На той же позиции стоит и Илья Глазунов в своей академии, категорически отвергая всякие способы дикого непрофессионального «самовыражения», захлестнувшие сейчас так называемое современное искусство.
Мировоззрение, эстетические взгляды студентов формировались не только в общении с педагогами академии, но и в спорах между собой. Тогда же все резче обозначалось расслоение по убеждениям. Одни творили опусы в ключе соцреализма, другие стремились противостоять лжи, заложенной в марксистской доктрине, третьи искали себя на пути самовыражения, избрав в кумиры Кандинского, Малевича, Татлина.

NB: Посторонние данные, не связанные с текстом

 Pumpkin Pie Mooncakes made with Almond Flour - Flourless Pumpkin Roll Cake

Размышления Глазунова о спорах той поры: «Всех художников, независимо от величин, делю на «изобразителей» и «выразителей». Выразители не пассивно отражают мир (хотя «изобразители» могут достичь в этом отражении высочайшего мастерства и гармонии), а несут в себе некий Прометеев огонь, преображают мир высотой своих духовных идеалов, борением духа. Веласкес, Репин, Франс Хальс, малые голландцы, Клод Моне – гениальные «изобразители». А. Рублева, Врубеля, Эль Греко, Рериха я считаю выразителями глубочайших переживаний человеческого духа, раскрытого индивидуально, в конкретных формах объективно существующего мира. Одни творят характеры и типажи, а другие – философские мыслеобразы, выражающие нравственные, социальные и эстетические категории. Здесь формы внешнего мира служат для выражения мира внутреннего. Дух, по-моему, всегда национален, как национально понятие о красоте. История доказала, что чем более национален художник, тем он и более интернационален в высшем смысле этого слова. Разве не свое понимание красоты и гармонии мира у Эль Греко, Хонусаи, Рубенса, Врубеля? Интернационального искусства не существует, есть только национальное искусство».

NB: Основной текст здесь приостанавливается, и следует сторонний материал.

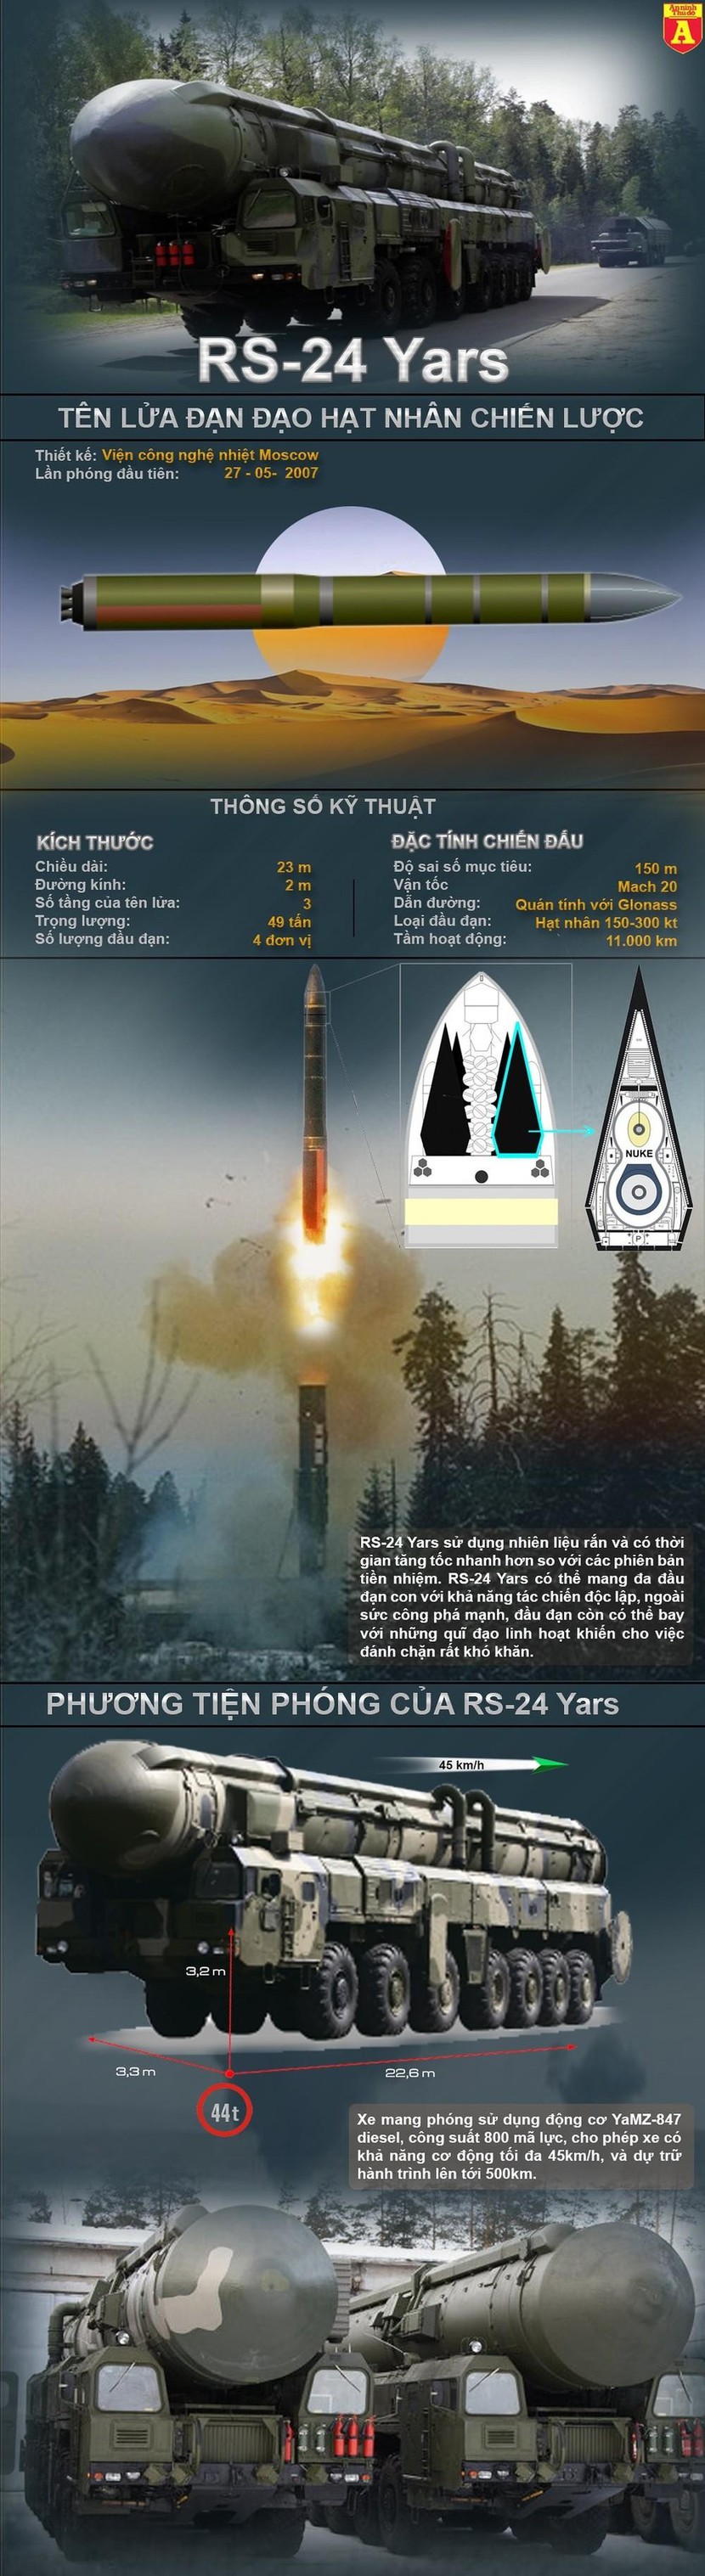 Sức mạnh kinh hoàng của tên lửa hạt nhân RS-24 Yars Nga vừa phóng - Ảnh 1.

Или вот мысли о соотнесении нравственности, науки и искусства: «Ни о каком нравственном прогрессе в связи с научными достижениями говорить невозможно. Можно быть дикарем, а ездить в «кадиллаках» или летать на сверхзвуковых самолетах. В век космоса культура западной цивилизации во многом стремится к каменному веку. Но существует еще так называемая научность, то есть спекулятивное использование научных понятий, терминов и т. п. Возникает наукообразие, подменяющее в искусстве подлинную художественность».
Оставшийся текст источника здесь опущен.